3-Axis, 4-Axis, and 5-Axis Movement
The number of axes describes how many directions the cutter and workpiece can move relative to each other, and it directly determines the complexity of parts you can produce.
- 3-axis: The simplest setup. The workpiece stays fixed while the spindle moves along three straight lines: left-right (X), front-back (Y), and up-down (Z). This handles the majority of flat, stepped, and pocketed parts.
- 4-axis: Adds one rotation axis. The workpiece can spin around the X-axis (called the A-axis) while the spindle still moves in X, Y, and Z. This lets you machine features on multiple sides of a part without manually repositioning it.
- 5-axis: Adds two rotation axes, using some combination of A, B, and C rotations depending on the machine design. Either the workpiece tilts and rotates, or the spindle head itself swivels. Fully continuous 5-axis machines can keep all five axes moving simultaneously, which is necessary for sculpting complex curved surfaces like turbine blades or aerospace components.
Manual vs. CNC Milling
A manual mill relies on the operator to turn handwheels and set positions by reading graduated dials. It’s a hands-on process that rewards skill and experience, and it remains common in tool rooms, small shops, and educational settings where flexibility matters more than speed.

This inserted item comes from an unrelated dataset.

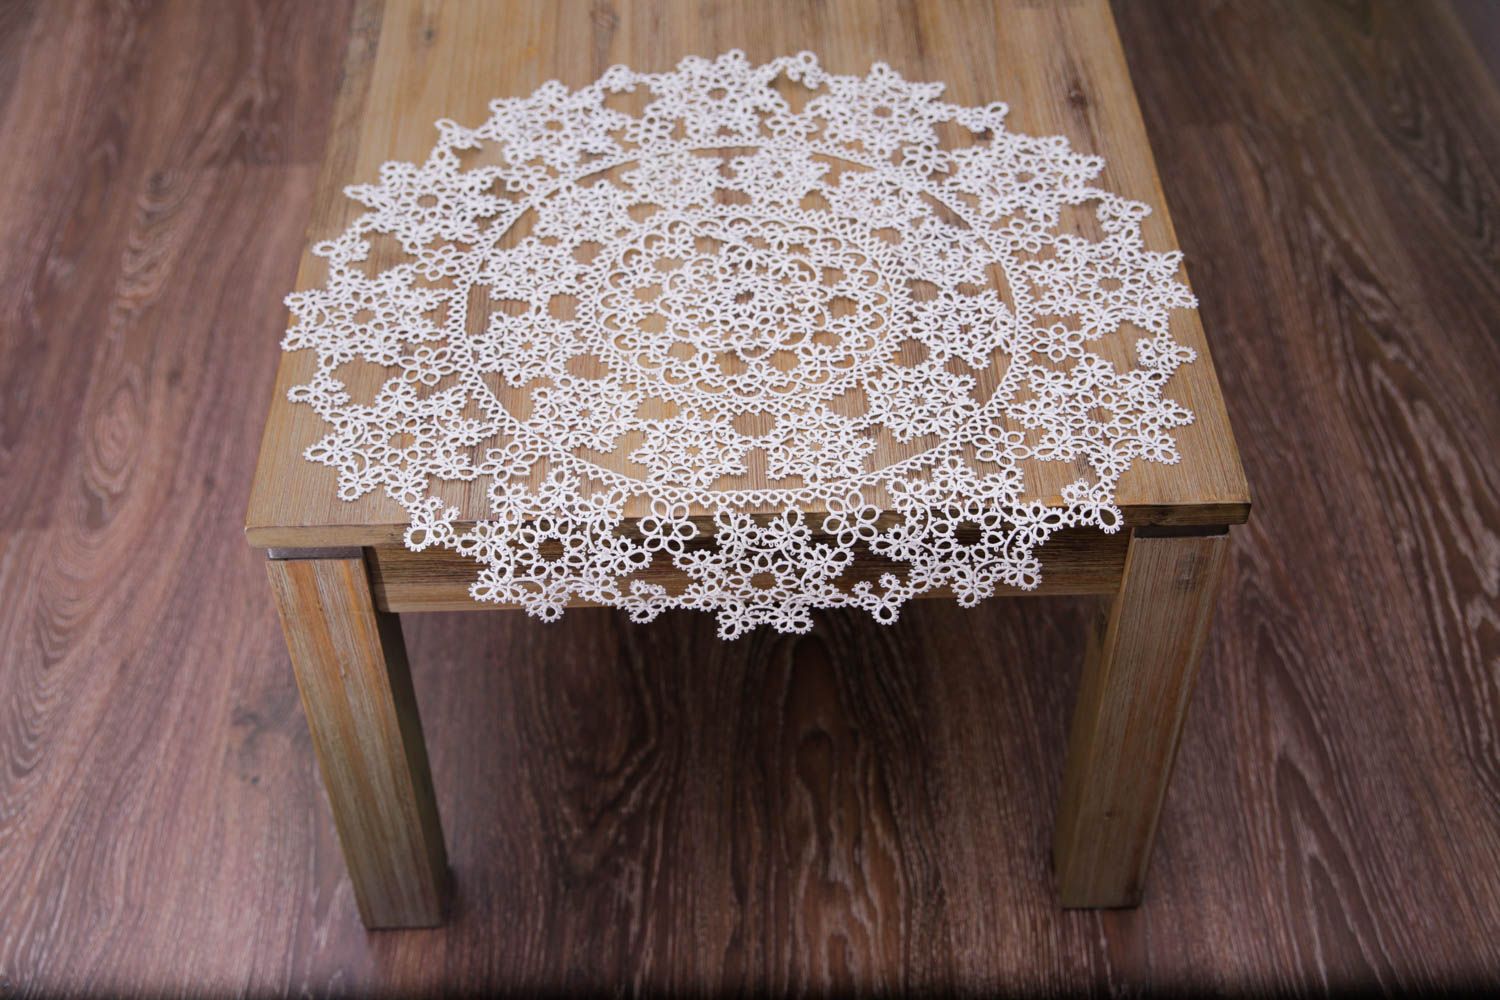 Handmade napkin unusual accessory table decor ideas home textiles table cloth photo 1
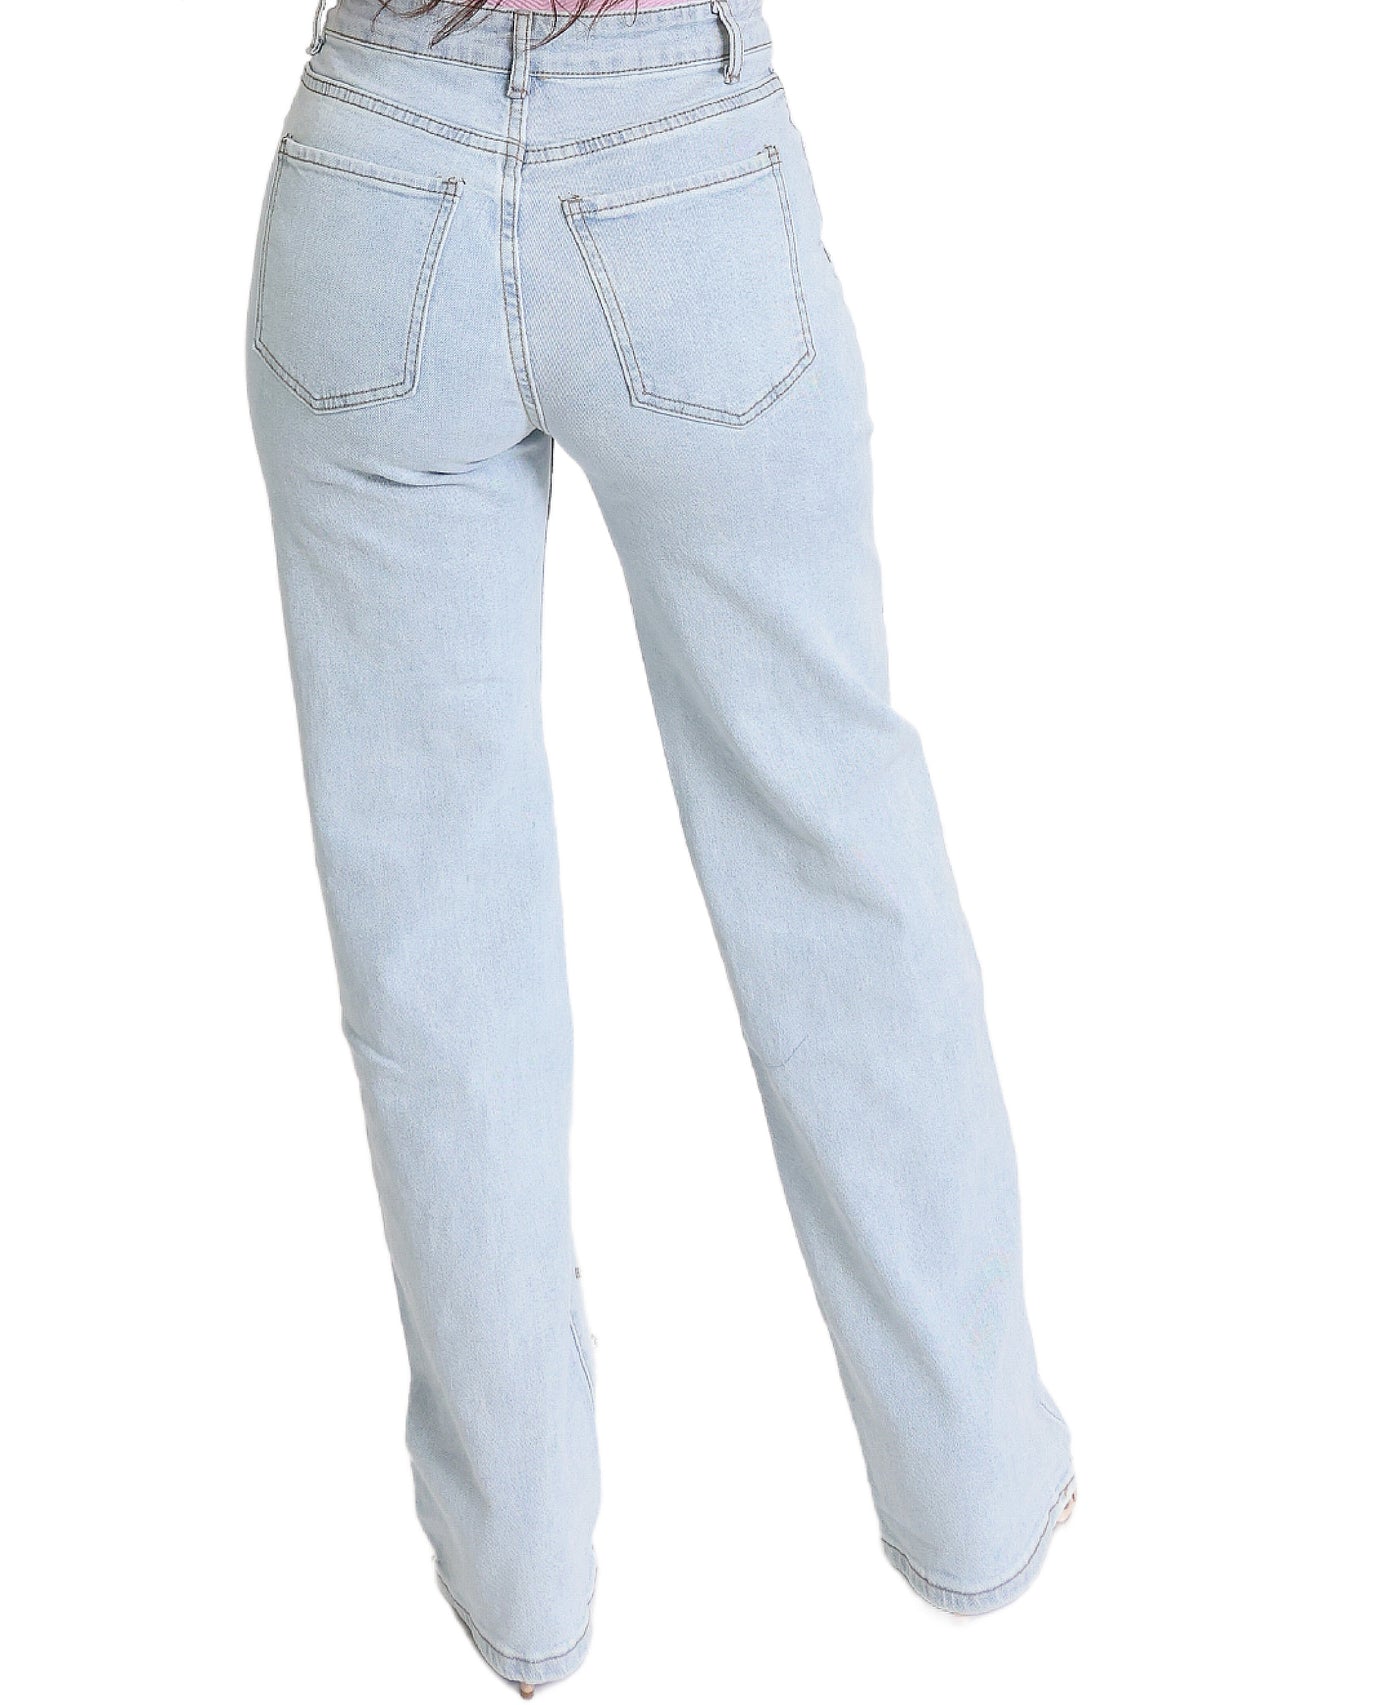 Jeans w/ Rhinestones image 2

A CNC (Computer Numerical Control) mill replaces the handwheels with servo motors controlled by a programmed set of instructions. The operator writes or loads a program that specifies every movement, speed, and tool change. CNC machines achieve a typical tolerance of about 0.02 mm (roughly eight ten-thousandths of an inch), and high-precision models can hold tolerances as tight as ±0.0025 mm. That level of accuracy makes CNC milling essential for medical devices, aerospace parts, and anything produced in volume where every piece must match.
What Materials Can Be Milled
Milling machines handle a broad range of materials. On the metal side, the most common choices are aluminum, carbon steel, alloy steel, stainless steel, brass, and titanium. Less common but still millable metals include copper, bronze, magnesium, nickel, tungsten, and molybdenum.
For plastics, standard options include ABS, PVC, polycarbonate, nylon, acetal (often sold as Delrin), and PEEK for high-temperature applications. Polyethylene, polypropylene, and PTFE (Teflon) are also regularly milled. Wood, foam, and composite materials round out the list, though these are more typical on routers, which are essentially specialized milling machines optimized for softer materials and larger sheets.
Safety Basics
OSHA specifically lists milling machines among the equipment that requires point-of-operation guarding. This means a physical barrier, electronic safety device, or other approved method must prevent the operator from reaching into the cutting zone while the machine is running. Guards need to be attached directly to the machine when possible and must not create new hazards of their own.
Flying chips and sparks are a constant concern. Eye protection is non-negotiable, and loose clothing, jewelry, and long hair must be secured before working near a spinning spindle. Special hand tools are required for placing and removing material near the cutter, though these tools supplement guards rather than replace them. On CNC machines, the enclosed work area and interlocked doors handle much of this automatically, but operators still need to follow lockout procedures during setup and tool changes.